Тогда постепенно формируется сообщество, которое в случае появления в нем человека с особыми потребностями, способно само позаботиться о нем. Не нужны бешено дорогие программы для того, чтобы включить взрослого человека с церебральным параличом или другими особенностями развития в социум. Механизм уже существует. Если, например, директору библиотеки предлагают взять на работу человека с инвалидностью, а он с ним лично или с человеком с похожим диагнозом просидел за одной партой с детского сада до 8 класса, пока один не пошел в старшую школу, а потом в колледж, а другой – в специальную учебную мастерскую, то почему он будет отказывать? Его будут скорее интересоваться гарантии, что работа будет выполнена. Эту гарантию берут на себя сервисы по трудоустройству людей с инвалидностью. А в остальном — «Какие проблемы?»
Анастасия Рязанова, психолог, директор Центра развития и социализации детей и взрослых с нарушениями развития «Пространство общения».

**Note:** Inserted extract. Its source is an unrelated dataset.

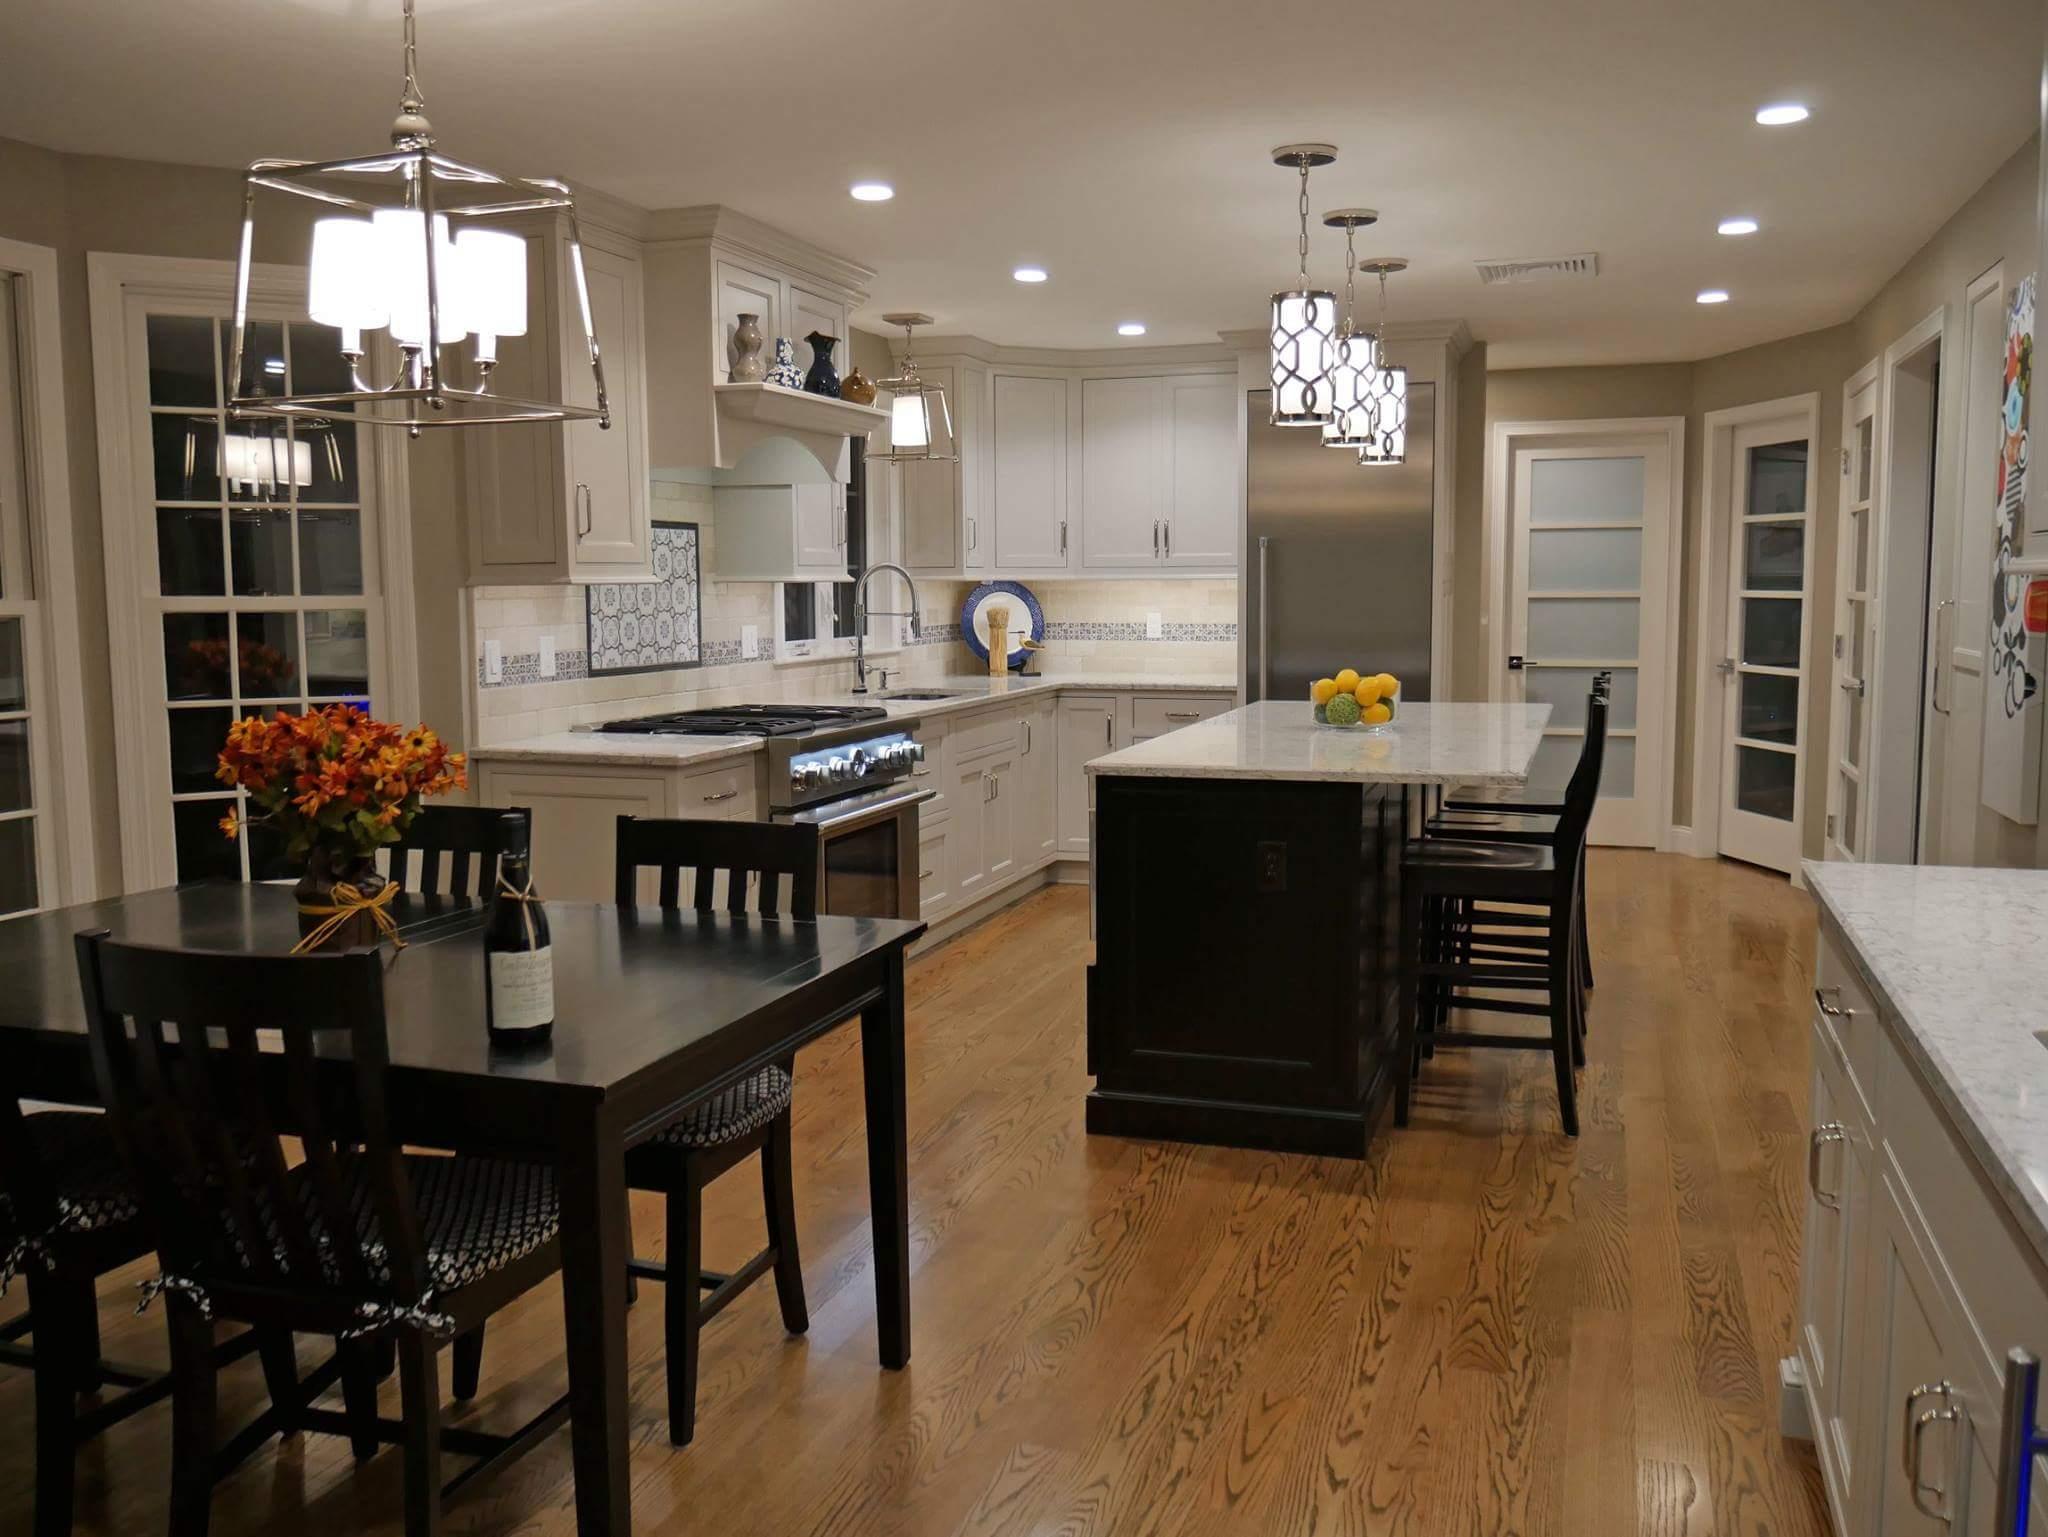 Decorative Lighting & Interior Design

Многие люди с ДЦП очень «социальны»
Пока такой путь включения любого члена общества в социум пролегает далеко от России. Наш общий социальный опыт в этом плане еще слишком мал. Тем не менее, изменения есть, уверена психолог Анастасия Рязанова:
— Я работаю в этой области с 1996 года и вижу, что движение есть. Раньше были «необучаемые дети», а когда мама выходила с ребенком с ДЦП на улицу, то слышала вслед: «Наркоманы, проститутки, нарожали!» Для детей с не самыми тяжелыми уровнями нарушениями движения и сохранным интеллектом были специальные школы, но в основном — психоневрологические интернаты. Никто не говорил про доступную среду. Если нарушения были заметно выражены, никто вообще не говорил про трудоустройство. Были очень плохие коляски, не было нормальной ортопедии и тех технических средств и приспособлений, которые есть сейчас. Об альтернативной коммуникации (для тех, кто не может говорить привычным способом) и речи не было.
А вот сегодня стоит вопрос о том, что должна быть возможность «расписаться» в ЗАГСе для тех, кто в силу тяжести нарушений в области движения не может удержать ручку. Двадцать лет назад такие разговоры вообще были немыслимы. Сегодня люди с церебральным параличом и их близкие делятся опытом, рассказывают о своей жизни, заявляют о правах.
Когда родители все спокойнее и все чаще выходят со своими детьми на площадку, в магазин, в кафе, они и их дети становятся видимыми. Постепенно накапливается опыт взаимодействия. Общество в целом перестает воспринимать такую ситуацию как опасную, возмутительную и тревожащую его спокойствие. И начинает видеть не паралич, а человека.
А между прочим, многие люди с церебральным параличом очень «социальны», очень хотят быть с другими людьми, делать что-то вместе, общаться, дружить и очень это ценят.
Наверное, самый галантный человек, которого я знаю, это человек именно с церебральным параличом. Когда я его встречаю, у него всегда есть конфеты для девушек, своей тросточкой он пододвигает тем, кто ему симпатичен, стулья, приглашая посидеть и поболтать. Большинство современных мужчин так не делают. А он делает. И ему приятно, и нам.